**INPUT FOR THIS TASK**.

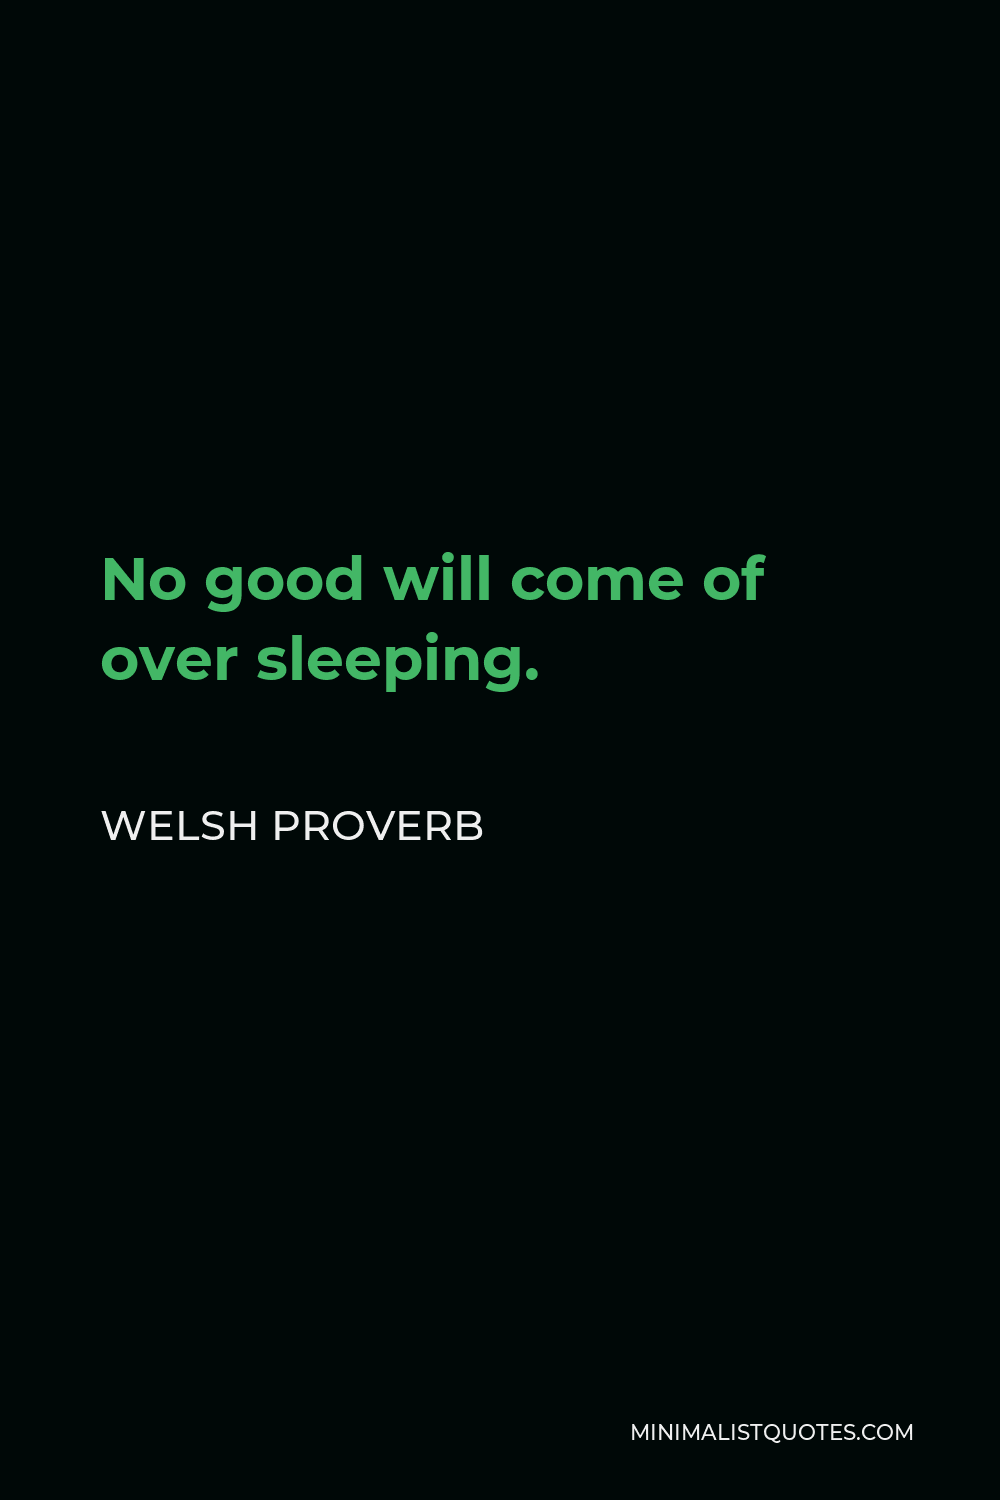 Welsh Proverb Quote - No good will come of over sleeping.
...
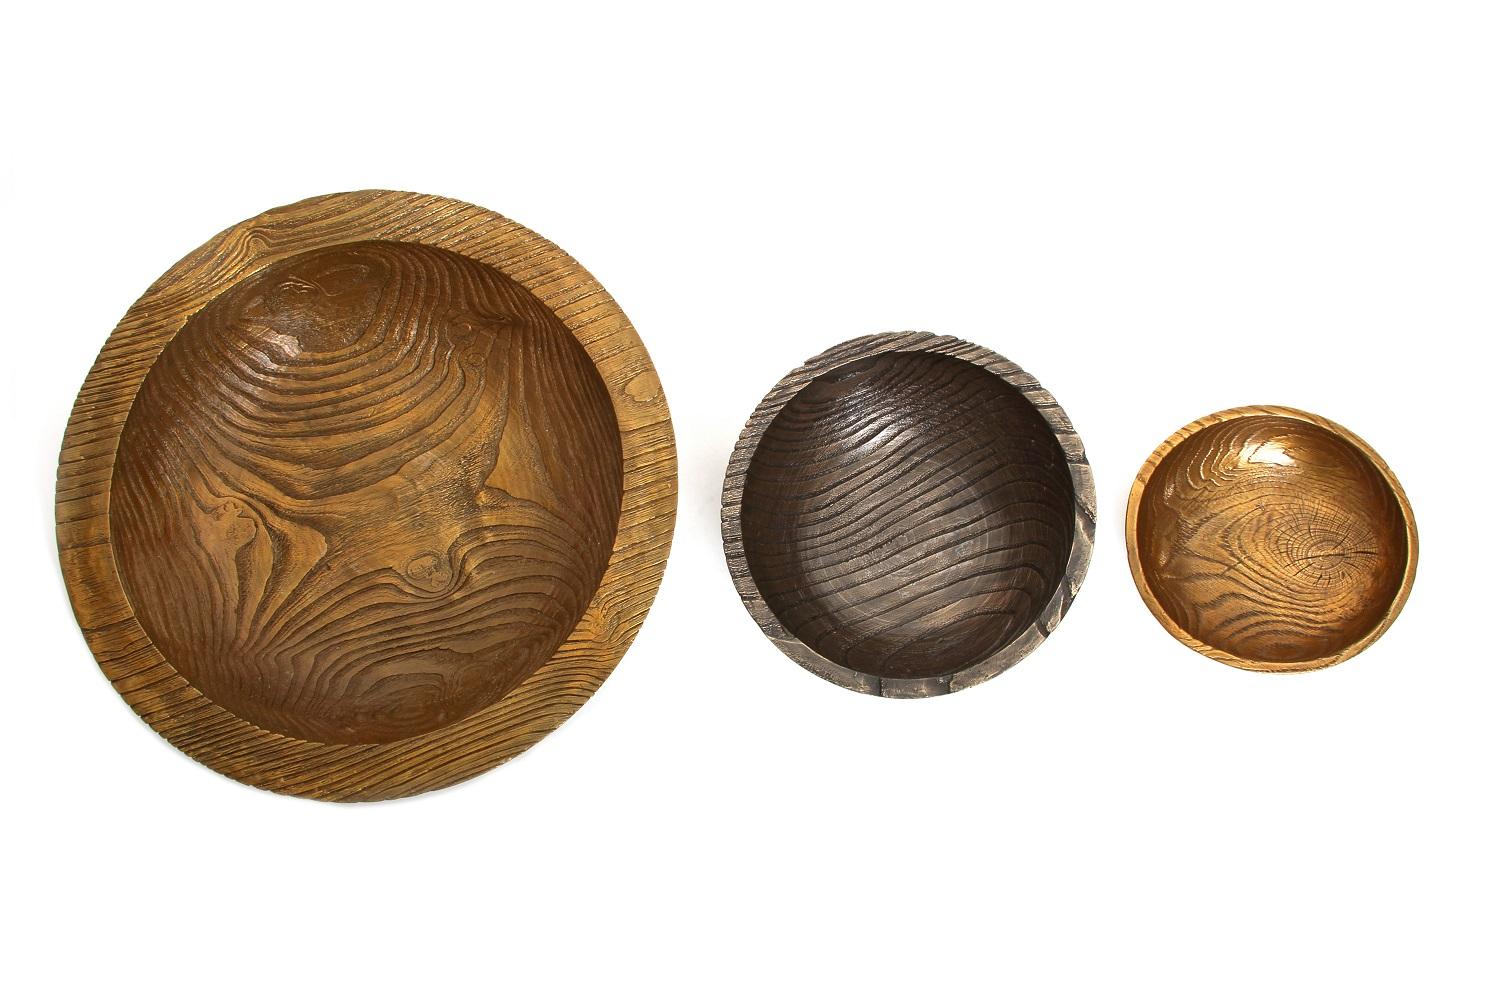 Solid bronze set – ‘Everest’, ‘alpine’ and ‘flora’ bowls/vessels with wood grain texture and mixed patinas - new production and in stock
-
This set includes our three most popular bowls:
---
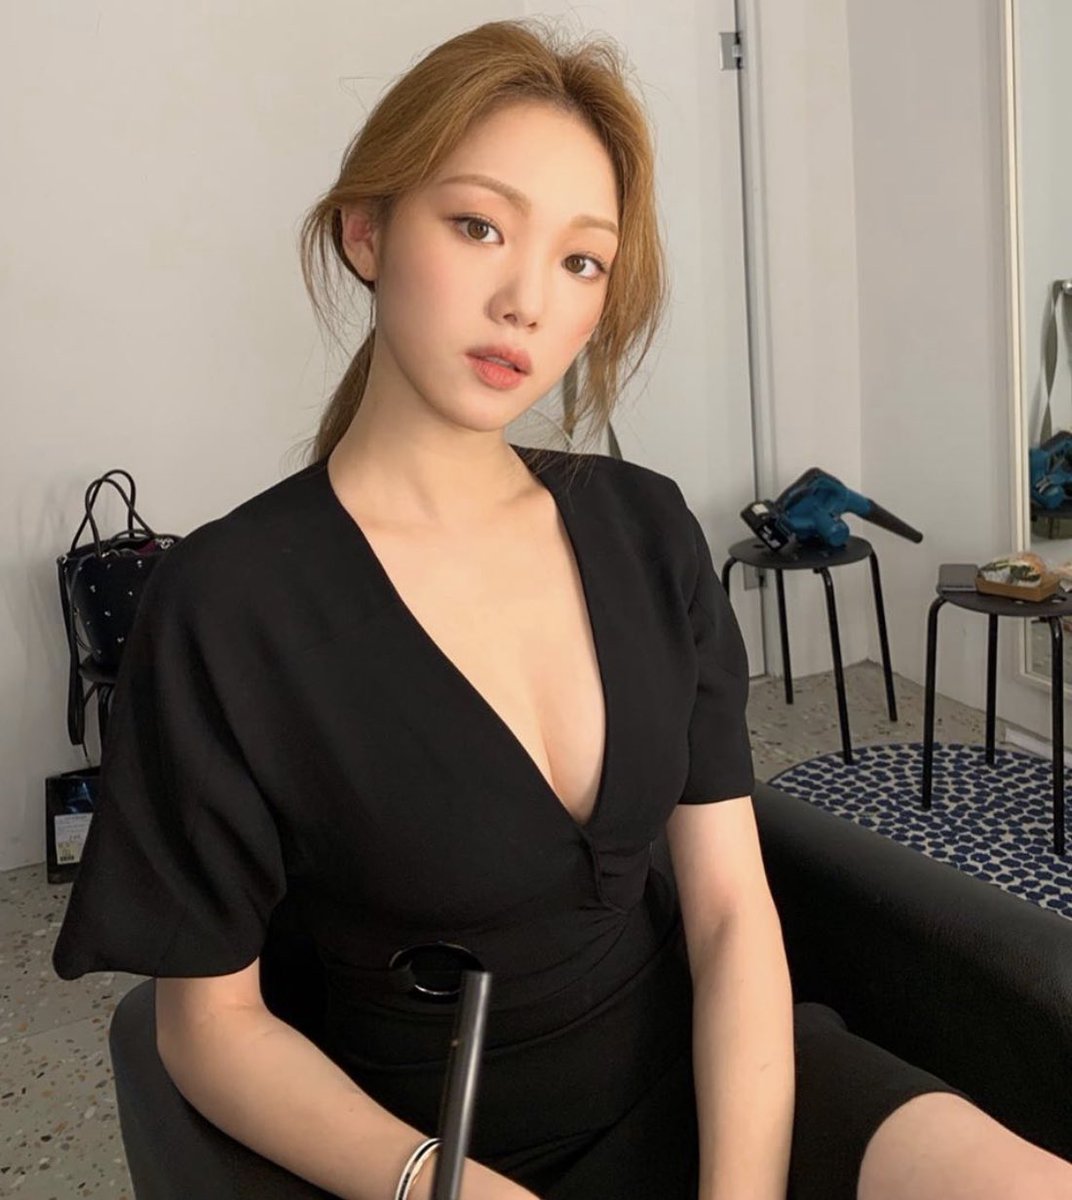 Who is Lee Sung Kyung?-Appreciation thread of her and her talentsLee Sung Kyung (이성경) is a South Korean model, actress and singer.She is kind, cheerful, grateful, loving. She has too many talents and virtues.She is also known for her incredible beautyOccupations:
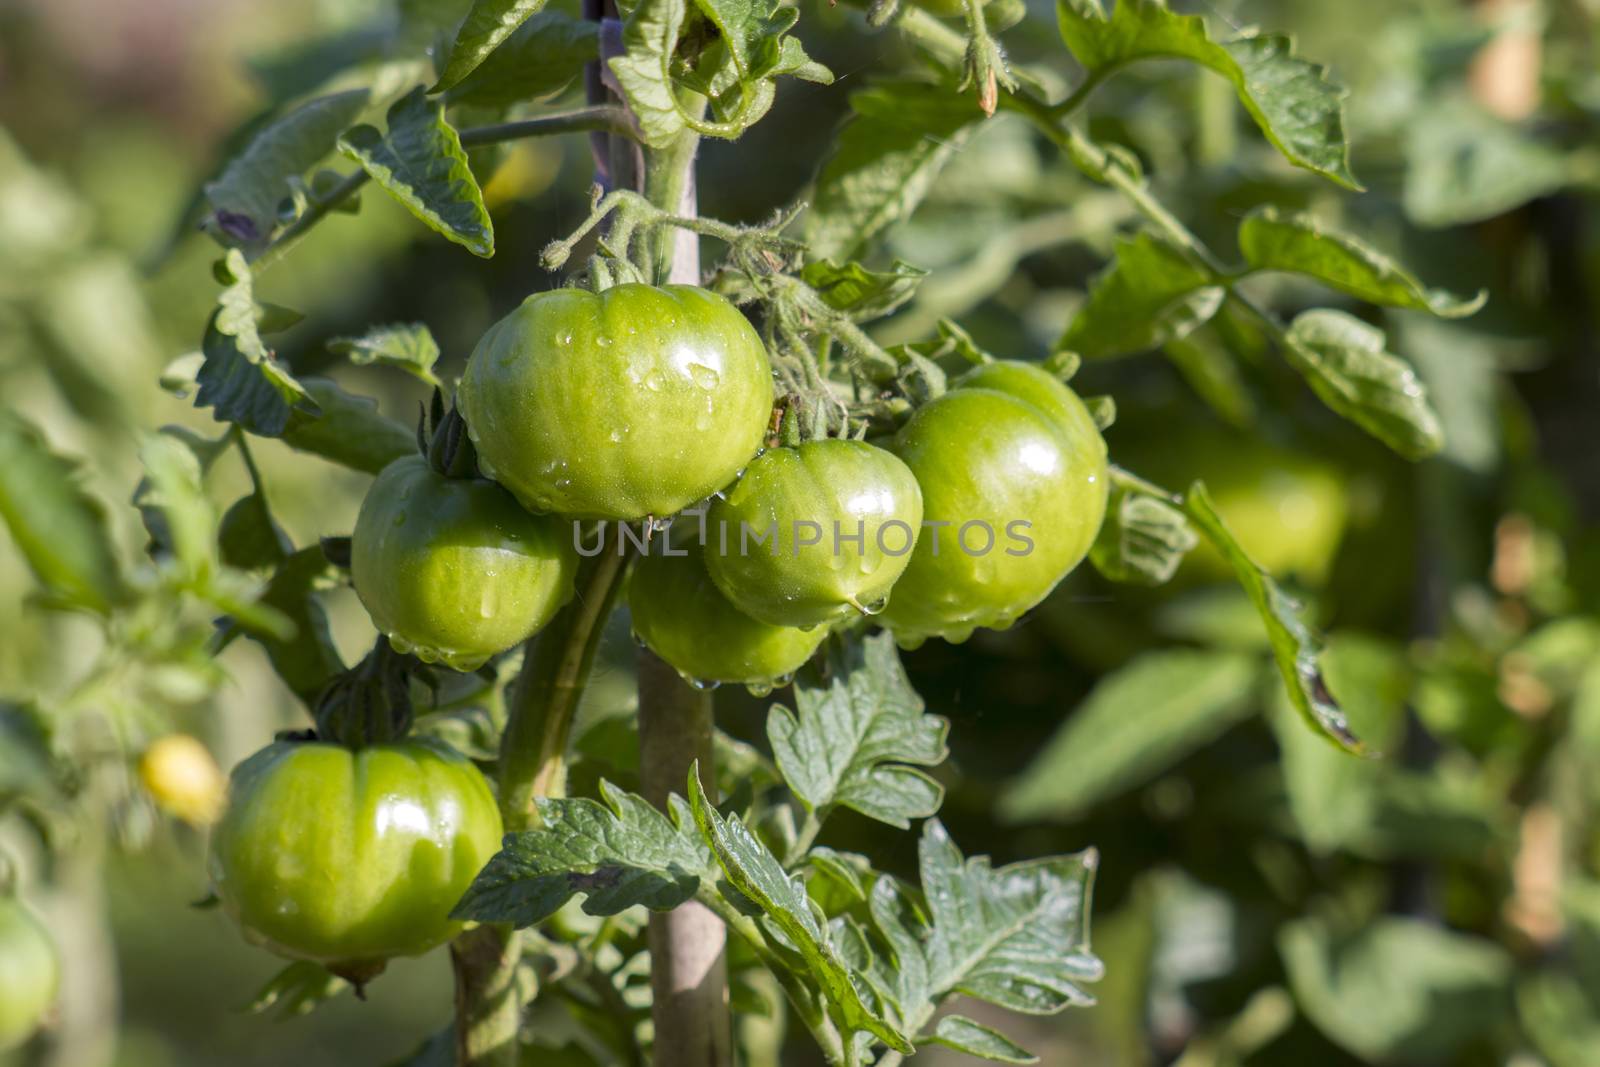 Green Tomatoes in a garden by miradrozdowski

**TASK INSTRUCTIONS**. While skipping the pictures, transcribe the data above from the line showing "Solid bronze set" through the line showing "This set includes", exactly and with both ends.

**SOLVED PROBLEM**.
 Solid bronze set – ‘Everest’, ‘alpine’ and ‘flora’ bowls/vessels with wood grain texture and mixed patinas - new production and in stock
-
This set includes our three most popular bowls:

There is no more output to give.